Suarez v. Shorehaven Homeowners Ass'n
This text of 202 A.D.2d 229 (Suarez v. Shorehaven Homeowners Ass'n) is published on Counsel Stack Legal Research, covering Appellate Division of the Supreme Court of the State of New York primary law. Counsel Stack provides free access to over 12 million legal documents including statutes, case law, regulations, and constitutions.
Opinion
—Order of the Supreme Court, Bronx County (Bertram Katz, J.), entered on or about June 21, 1993, which denied the motion by Shorehaven Condominium Association to intervene and to stay the inquest against the sole originally named defendant, and sua sponte, amended the caption nunc pro tunc to reflect that the names of the defendants in this action are "Shorehaven Homeowners Association Inc. and Shorehaven Condominium Association d/b/a Shorehaven Homeowners Association, Inc.”, unanimously modified, on the law and facts, solely to the extent of granting Shorehaven Condominium Association’s motion to intervene, and granting it leave to serve an answer [230]*230to the complaint, deleting "d/b/a Shorehaven Homeowners Association, Inc.” from the caption as amended, and otherwise affirmed, with costs and disbursements payable to plaintiffs.
Plaintiffs are resident owners of the Shorehaven Condominiums in Clason’s Point, Bronx. They instituted this action against the originally named defendant Shorehaven Homeowners Association, Inc. ("Homeowners”), alleging that Homeowners breached its duty to maintain and repair the common areas of the condominium, including the exterior walls and roof. After service was completed upon the Secretary of State, Homeowners defaulted, and plaintiffs were granted a default judgment.

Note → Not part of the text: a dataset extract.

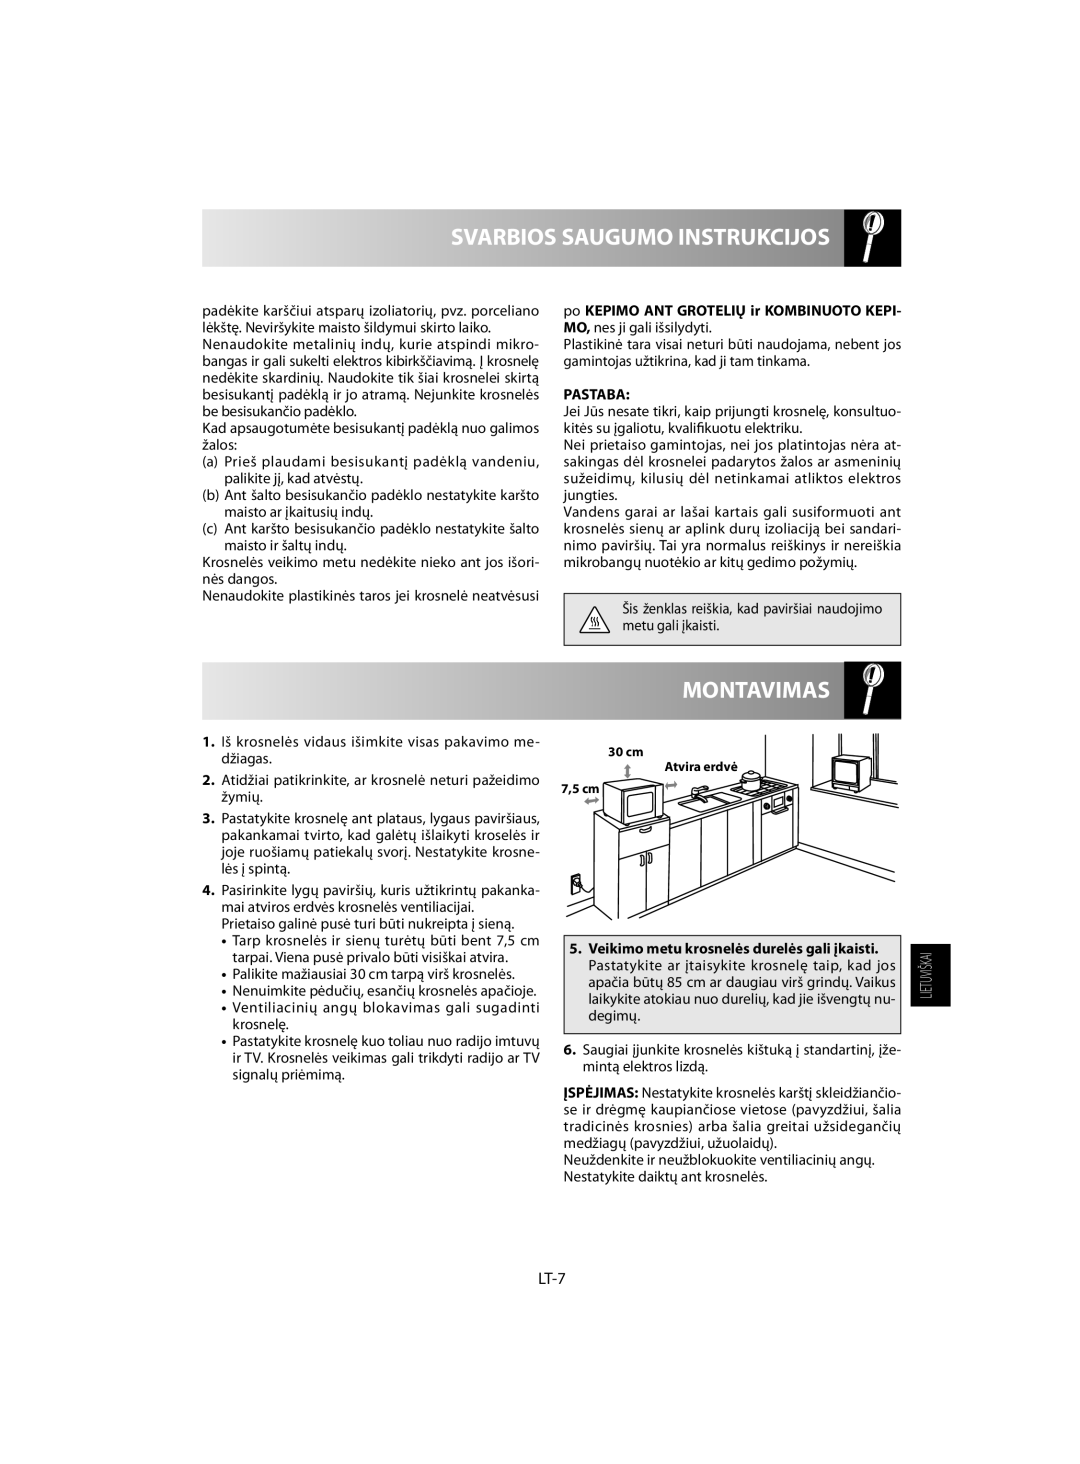 Sharp R-742, R-642 manual Montavimas, Svarbios Saugumo Instrukcijos, LT-7, Pastaba

Only then were plaintiffs notified by the attorney for the Board of Managers that they had sued the wrong entity, and that appellant Shorehaven Condominium Association (the "Condominium Association”) was the proper party defendant.

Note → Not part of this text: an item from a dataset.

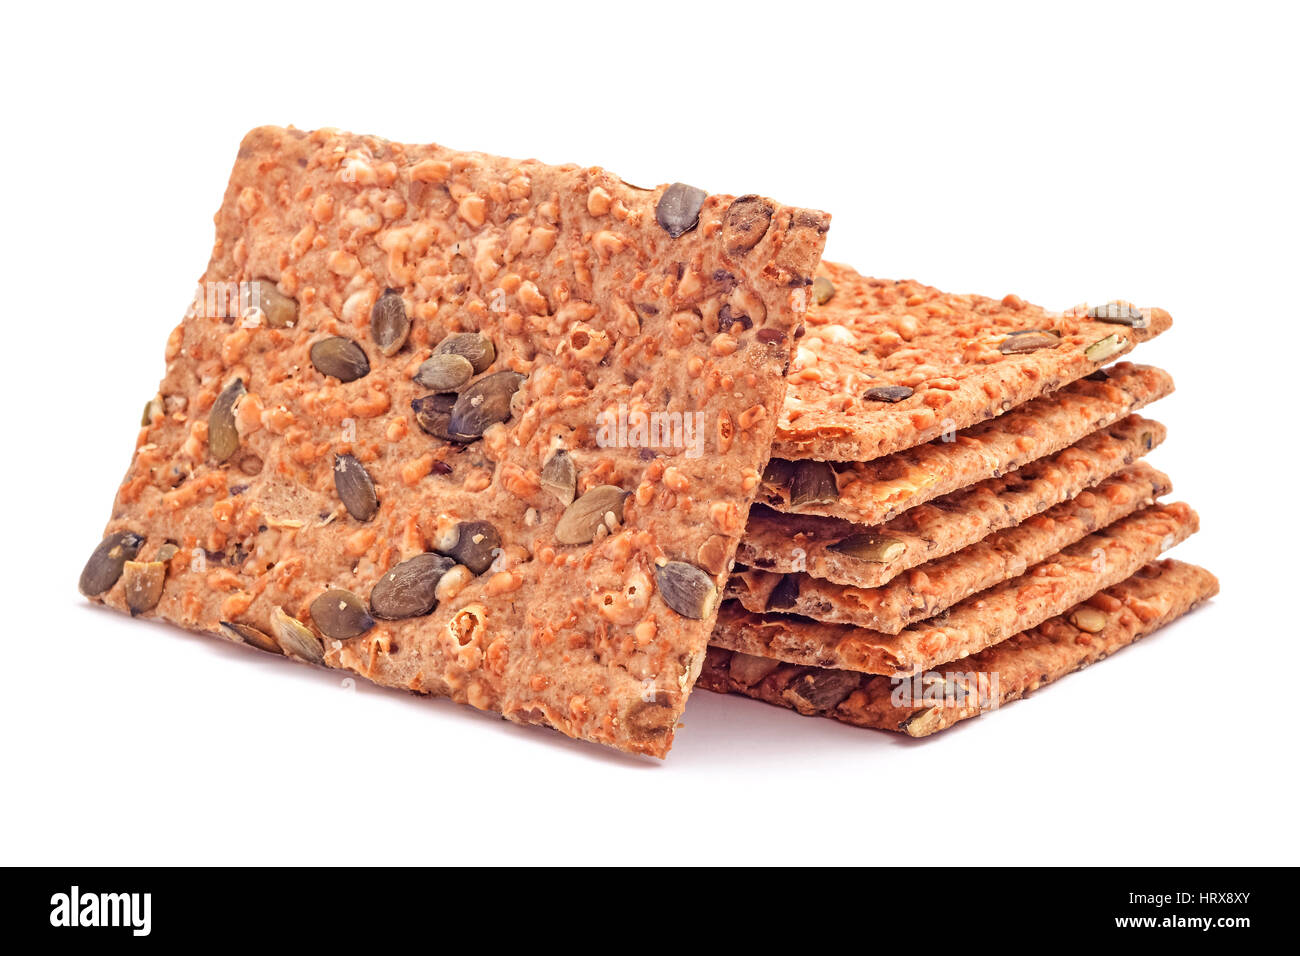 Basso contenuto calorico pane duro snack Foto stock - Alamy

Thereafter the Condominium Association, represented by the same attorneys that represented Homeowners in prior matters, moved to intervene in the action as a party defendant, for leave to serve an answer to the complaint, and for an order staying the inquest against defendant Shorehaven Homeowners Association, Inc, asserting that the Condominium Association was the true party in interest, that plaintiffs would not be prejudiced, and further asserting that the Condominium Association had a meritorious defense.
Plaintiffs opposed the motion, asserting that the Condominium Association has always done business as Homeowners. To support this, plaintiffs annexed letters and memoranda from the Board of Managers written on Homeowners Association stationery or indicating that it was from Homeowners Association. Also submitted by plaintiffs were: accounting and financial statements and balance sheets which were prepared under the caption, "Shorehaven Homeowners Association, Inc.”; bills for parking spaces directing owner residents to make checks payable to Homeowners Association "Special Account”; cancelled checks made out to the Homeowners Association; a Notice of Annual Meeting and Proxy Statement including the name of the Homeowners Association.
The IAS Court did not err in treating the motion to intervene as one to open the default judgment against Homeowners. The Condominium Association sought a stay of the inquest against Homeowners Association and argued there was a meritorious defense, thus itself seeking such relief. Further, we agree with the nisi prius court, that, by its repeated and [231]*231open use of the name "Homeowners Association, Inc.”, and by its conduct of business under that name, the Condominium Association could not possibly have been misled as to which entity the plaintiffs had served and were attempting to sue. Amendments of the caption to reflect the proper party have been allowed "where the misnomer could not possibly have misled the defendant concerning who it was that the plaintiff was in fact seeking to sue” (Creative Cabinet Corp. v Future Visions Computer Store, 140 AD2d 483, 484-485; see also, Medina v City of New York, 167 AD2d 268).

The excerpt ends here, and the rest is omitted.